The task
Having found the line that contains "Etruscan Patterns From", please retype only it and every line after it up to the end of the entries, exactly as written.
══════
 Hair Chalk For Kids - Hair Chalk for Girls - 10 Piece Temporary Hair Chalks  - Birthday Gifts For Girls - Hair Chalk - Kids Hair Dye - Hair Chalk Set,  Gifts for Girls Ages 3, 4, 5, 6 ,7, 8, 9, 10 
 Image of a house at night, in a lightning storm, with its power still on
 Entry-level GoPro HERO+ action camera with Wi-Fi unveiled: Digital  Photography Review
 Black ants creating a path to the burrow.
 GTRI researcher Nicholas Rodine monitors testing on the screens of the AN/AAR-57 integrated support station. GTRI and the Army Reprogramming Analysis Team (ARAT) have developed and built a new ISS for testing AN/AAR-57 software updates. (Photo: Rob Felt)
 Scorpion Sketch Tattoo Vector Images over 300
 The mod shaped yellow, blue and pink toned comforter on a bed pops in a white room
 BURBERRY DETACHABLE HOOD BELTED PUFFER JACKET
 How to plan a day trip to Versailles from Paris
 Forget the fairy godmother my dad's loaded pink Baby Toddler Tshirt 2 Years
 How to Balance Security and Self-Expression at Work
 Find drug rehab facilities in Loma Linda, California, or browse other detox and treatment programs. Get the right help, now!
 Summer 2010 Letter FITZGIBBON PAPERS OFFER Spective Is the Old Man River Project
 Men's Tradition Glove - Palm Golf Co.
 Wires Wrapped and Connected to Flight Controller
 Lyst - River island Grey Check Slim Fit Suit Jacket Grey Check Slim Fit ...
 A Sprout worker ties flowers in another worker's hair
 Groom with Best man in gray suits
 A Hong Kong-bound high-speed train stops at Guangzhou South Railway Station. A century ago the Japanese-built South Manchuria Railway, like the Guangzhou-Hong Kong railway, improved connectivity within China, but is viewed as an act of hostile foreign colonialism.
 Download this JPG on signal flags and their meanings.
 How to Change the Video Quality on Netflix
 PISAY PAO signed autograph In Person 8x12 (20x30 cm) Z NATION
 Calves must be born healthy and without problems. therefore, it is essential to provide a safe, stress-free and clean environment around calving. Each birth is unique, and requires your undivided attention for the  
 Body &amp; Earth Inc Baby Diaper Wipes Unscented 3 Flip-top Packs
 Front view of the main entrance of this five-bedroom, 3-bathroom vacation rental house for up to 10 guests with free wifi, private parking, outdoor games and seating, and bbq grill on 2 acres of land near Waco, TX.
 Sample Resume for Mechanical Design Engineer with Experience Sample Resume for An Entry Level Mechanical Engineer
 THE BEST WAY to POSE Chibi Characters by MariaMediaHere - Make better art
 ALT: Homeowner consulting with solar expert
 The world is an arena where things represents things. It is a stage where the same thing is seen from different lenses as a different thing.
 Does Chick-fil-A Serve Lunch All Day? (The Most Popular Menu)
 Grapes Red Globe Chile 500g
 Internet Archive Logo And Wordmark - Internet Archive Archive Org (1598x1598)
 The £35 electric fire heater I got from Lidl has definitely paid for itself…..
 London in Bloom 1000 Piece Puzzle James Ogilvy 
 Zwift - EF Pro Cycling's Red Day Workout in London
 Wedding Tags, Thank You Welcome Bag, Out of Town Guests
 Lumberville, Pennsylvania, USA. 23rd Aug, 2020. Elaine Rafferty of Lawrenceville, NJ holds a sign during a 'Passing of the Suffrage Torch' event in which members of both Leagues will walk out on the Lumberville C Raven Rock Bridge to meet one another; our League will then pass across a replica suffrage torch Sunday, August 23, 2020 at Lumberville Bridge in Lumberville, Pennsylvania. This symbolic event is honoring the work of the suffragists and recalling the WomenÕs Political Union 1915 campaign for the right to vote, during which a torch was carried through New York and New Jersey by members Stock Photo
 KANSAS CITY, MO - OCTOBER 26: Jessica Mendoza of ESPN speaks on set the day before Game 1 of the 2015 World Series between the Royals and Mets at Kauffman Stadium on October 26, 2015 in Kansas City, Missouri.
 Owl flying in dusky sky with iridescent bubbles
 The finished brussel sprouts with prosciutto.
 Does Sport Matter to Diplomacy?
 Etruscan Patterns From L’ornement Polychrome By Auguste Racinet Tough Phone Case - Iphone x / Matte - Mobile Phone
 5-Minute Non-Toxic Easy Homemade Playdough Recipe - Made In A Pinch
══════
Solution to the exercise
 Etruscan Patterns From L’ornement Polychrome By Auguste Racinet Tough Phone Case - Iphone x / Matte - Mobile Phone
 5-Minute Non-Toxic Easy Homemade Playdough Recipe - Made In A Pinch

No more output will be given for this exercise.